2. Find the gradient of the curve $y = x^2 + \frac{1}{x}$ at the point (1,2)
Answer I got = 3

3. Differentiate
(i) $y=(x+2)(x^3+5x)$
Answer I got = $5x^3 + 10x - 6x^2 +10$

(ii) $y=\frac{3x+2}{2x+1}$
Answer I got = $\frac{7}{(2x+1)^2}$

Are my answers for the ones completed correct?
• January 28th 2010, 12:36 PM
earboth
Quote:

Originally Posted by jimgreenmore
Differentiate the following
1. (i) $\frac{3}{x^2}$
I struggled with these because I'm used to differentiating square roots and fractions.

$\frac3{x^2} = 3 x^{-2}$

Now use the chain-rule.
Quote:

(ii) $y = x+\sqrt{x}$

2. Find the gradient of the curve $y = x^2 + \frac{1}{x}$ at the point (1,2)
Answer I got = 3
How did you get this result.
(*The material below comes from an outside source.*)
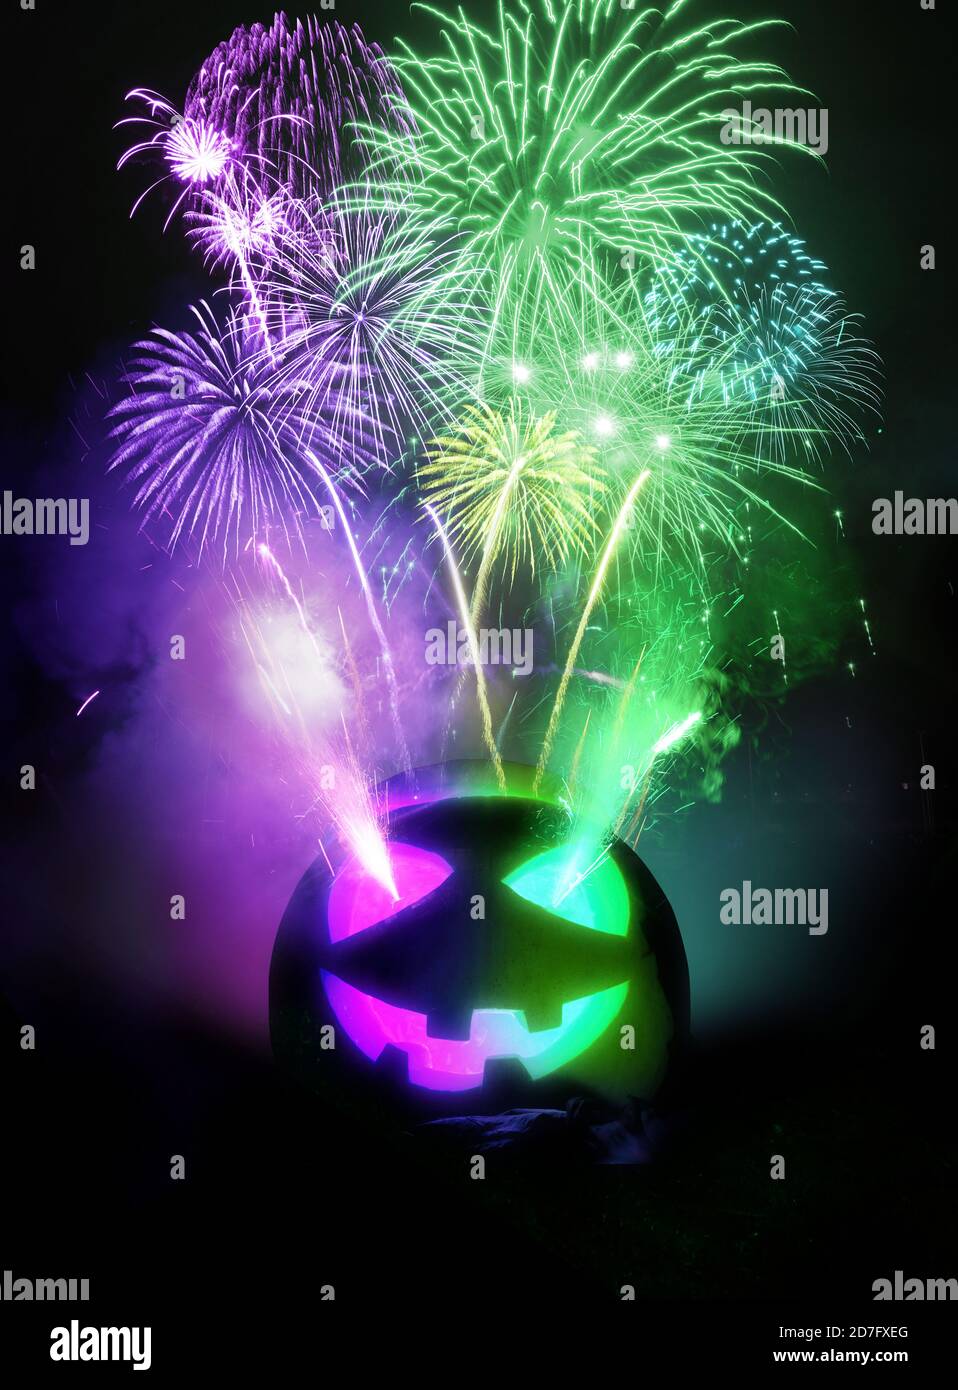 Sfondo della festa di Halloween. Un jack o lanterna scolpito zucca che illumina viola e verde con fuochi d'artificio in fase di rilascio nel cielo notturno. Foto composito Foto Stock

Btw I've got 1.
Quote:

3. Differentiate
(i) $y=(x+2)(x^3+5x)$
Answer I got = $5x^3 + 10x - 6x^2 +10$
If I were you I would have expanded the brackets before differentiation (otherwise you have to use the product rule and the chain-rule)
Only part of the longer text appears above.